Copyright (c) 2025 Christian Oechler

Permission is hereby granted, free of charge, to any person obtaining a copy of this software and associated documentation files (the “Software”), to deal in the Software without restriction, including without limitation the rights to use, copy, modify, merge, publish, distribute, sublicense, and/or sell copies of the Software, and to permit persons to whom the Software is furnished to do so, subject to the following conditions:

The above copyright notice and this permission notice shall be included in all copies or substantial portions of the Software.

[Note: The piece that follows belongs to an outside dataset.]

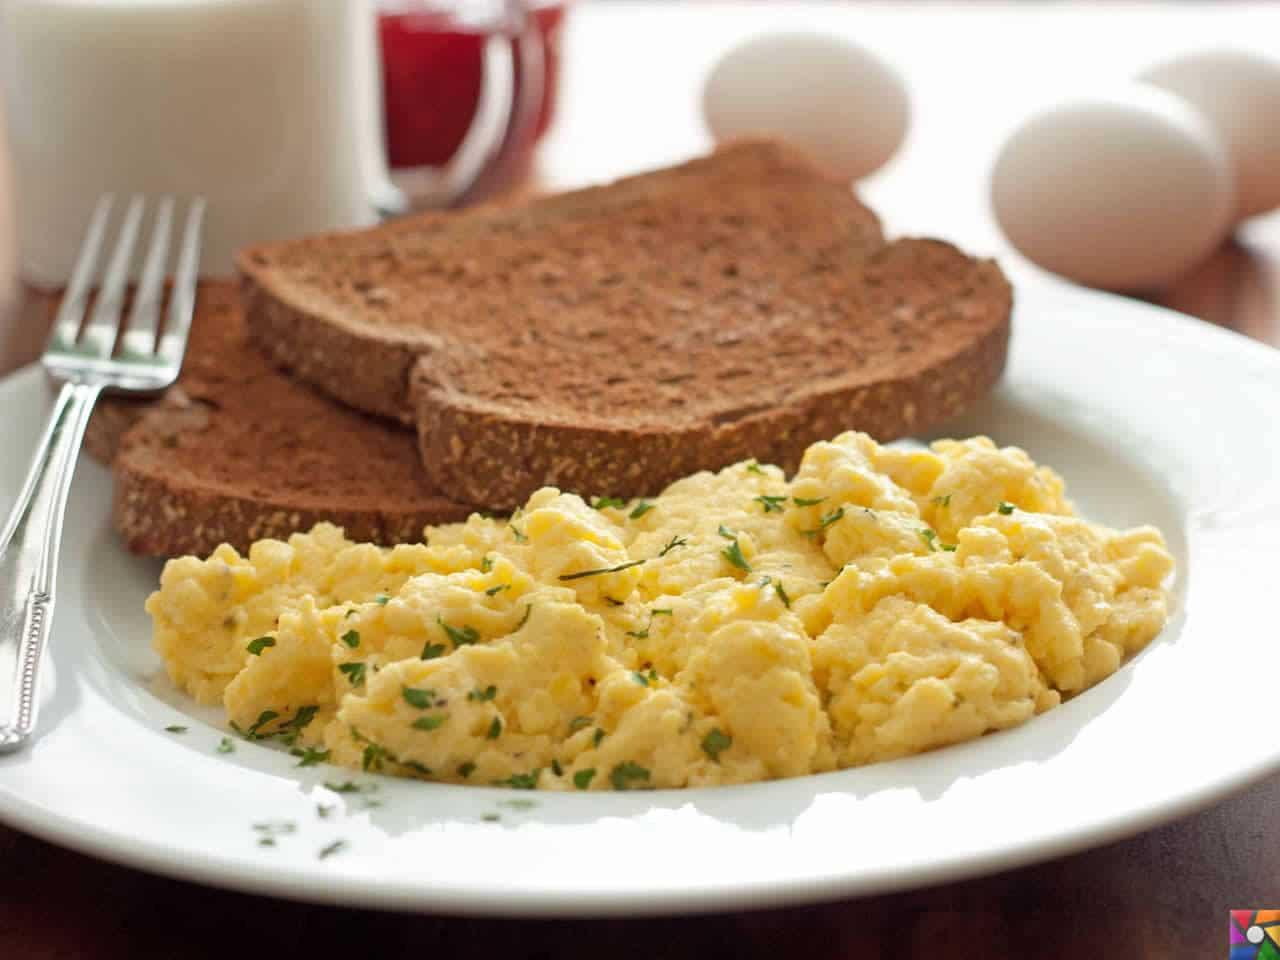 Besin Grupları Nelerdir? Besinlere göre nasıl dengeli beslenmeliyiz? | Sabah kahvaltısında yumurta ve tam tahıllı ekmekle kahvaltı

THE SOFTWARE IS PROVIDED “AS IS”, WITHOUT WARRANTY OF ANY KIND, EXPRESS OR IMPLIED, INCLUDING BUT NOT LIMITED TO THE WARRANTIES OF MERCHANTABILITY, FITNESS FOR A PARTICULAR PURPOSE AND NONINFRINGEMENT. IN NO EVENT SHALL THE AUTHORS OR COPYRIGHT HOLDERS BE LIABLE FOR ANY CLAIM, DAMAGES OR OTHER LIABILITY, WHETHER IN AN ACTION OF CONTRACT, TORT OR OTHERWISE, ARISING FROM, OUT OF OR IN CONNECTION WITH THE SOFTWARE OR THE USE OR OTHER DEALINGS IN THE SOFTWARE. 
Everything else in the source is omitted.